In Re Wesley J. K.

445 A.2d 1243, 299 Pa. Super. 504, 1982 Pa. Super. LEXIS 4266
CourtSuperior Court of Pennsylvania
DecidedMay 21, 1982
Docket1223
StatusPublished
Cited by74 cases

This text of 445 A.2d 1243 (In Re Wesley J. K.) is published on Counsel Stack Legal Research, covering Superior Court of Pennsylvania primary law. Counsel Stack provides free access to over 12 million legal documents including statutes, case law, regulations, and constitutions.

Bluebook
In Re Wesley J. K., 445 A.2d 1243, 299 Pa. Super. 504, 1982 Pa. Super. LEXIS 4266 (Pa. Ct. App. 1982).

Opinion

BECK, Judge:

This appeal arises from a Petition for Custody by appellant-mother.
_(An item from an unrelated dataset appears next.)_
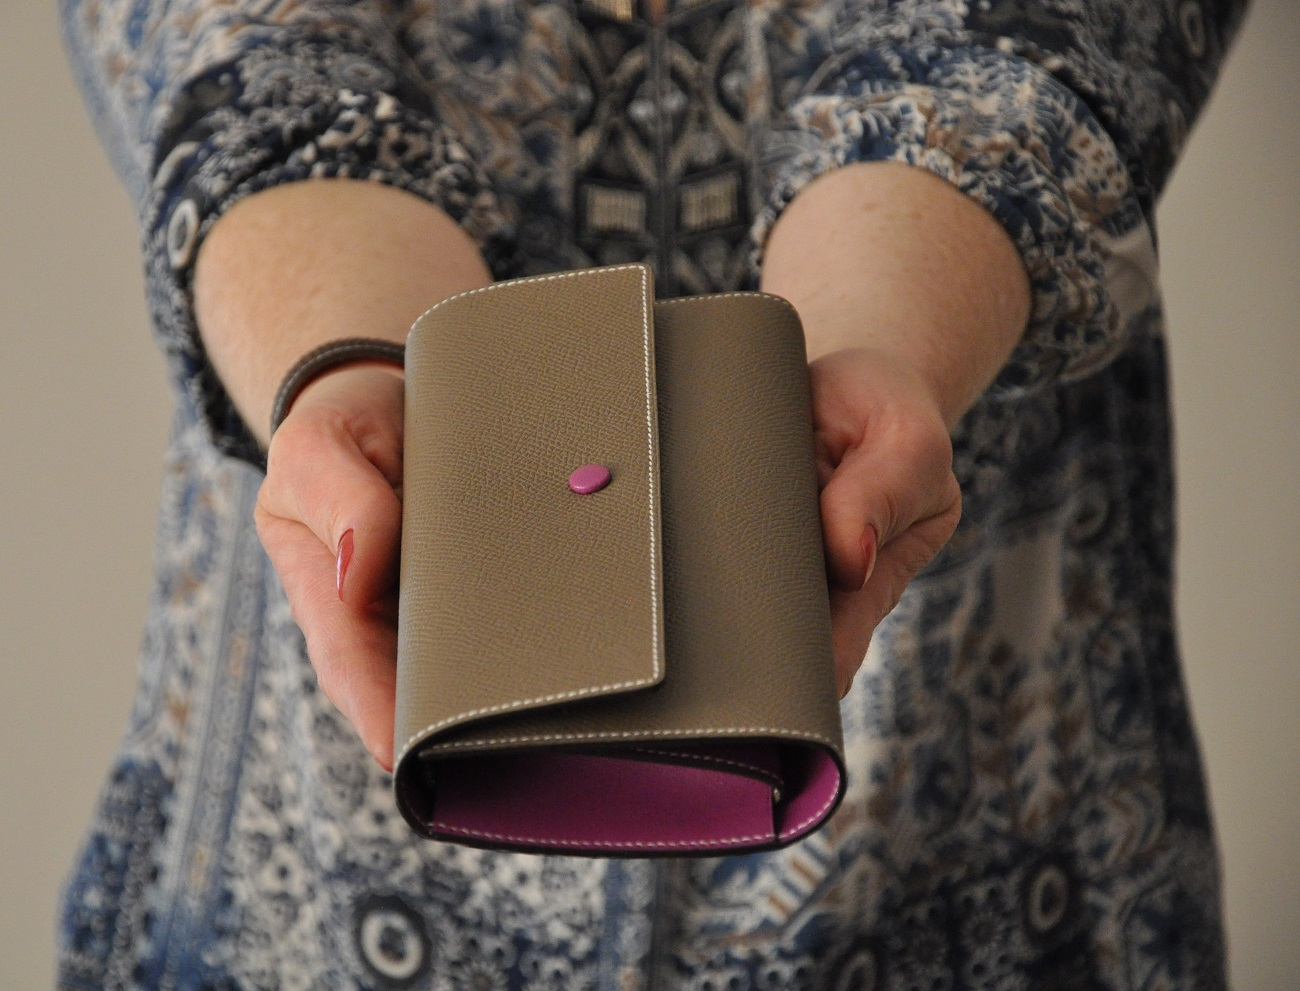 Le portefeuille l'Indispensable est incontournable pour tous les jours, il possède tous les papiers utiles, les cartes bleues, le porte-monnaie. Création Philippe LE NOËN en veau grainé. Fabrication Française.

A custody order was issued on April 22, 1981 granting custody to appellee-father. Extensive visitation was granted to appellant. 1

It is well-settled in custody matters that this court’s scope of review is of the broadest dimensions. This court in Dena Lynn V. v. Harvey H. F., 278 Pa.Super. 95, 100, 419 A.2d 1374, 1377 (1980) stated:

Although we are still tied to the facts as found in the court below, as we are to the lower court’s determinations about credibility of witnesses and weight given their testimony, Commonwealth ex rel. Harry v. Eastridge, 374 Pa. 172, 177, 97 A.2d 350, 353 (1953), “. . . (w)e are not bound, on appeal by deductions or inferences made by the lower court; Commonwealth ex rel. Gifford v. Miller, 213 Pa.Super. 269, 248 A.2d 63 (1968), ...” Commonwealth ex rel. Cutler v. Cutler, 246 Pa.Super. 82, 88, 369 A.2d 821, 823 (1977). It is also well settled that our sole function in making our review is to assure the “best interest of the child” is served. Commonwealth ex rel. Myers v. Myers, 468 Pa. 134, 360 A.2d 587 (1976). And finally, of particular relevancy in a case which is so steeped in emotion as this, we must inquire only into relevant facts as they *508 affect the relationship between parent and child—not parent and parent or parent and stranger to that intimate relationship. See In re Leskovich, 253 Pa.Super. 349, 385 A.2d 373 (1978).

In the instant case, we are at odds with the inferences made by the trial judge in interpreting the testimony before him.

Rosemarie K. and Michael K. were married in October, 1975; they separated in May, 1980. They agreed at the time of separation that Rosemarie would retain custody of their two year old son, Wesley.

In December, 1980, Rosemarie voluntarily relinquished custody to Michael because she was suffering from exhaustion and was frustrated with her time pressures and her financial situation. She had taken a second job and was working the equivalent of a seven day week. 2 Rosemarie testified:

I told him that I was very exhausted working the two jobs. I felt very guilty for Wes having to go to a fulltime sitter in the evening [sic] and a parttime sitter at night. I was not able to spend the amount of time with him that I had wanted to because of the second job, and I thought it was best for Wesley at the time if Mike could take him temporarily until I could sell the house and find an apartment where I didn’t have to work two jobs.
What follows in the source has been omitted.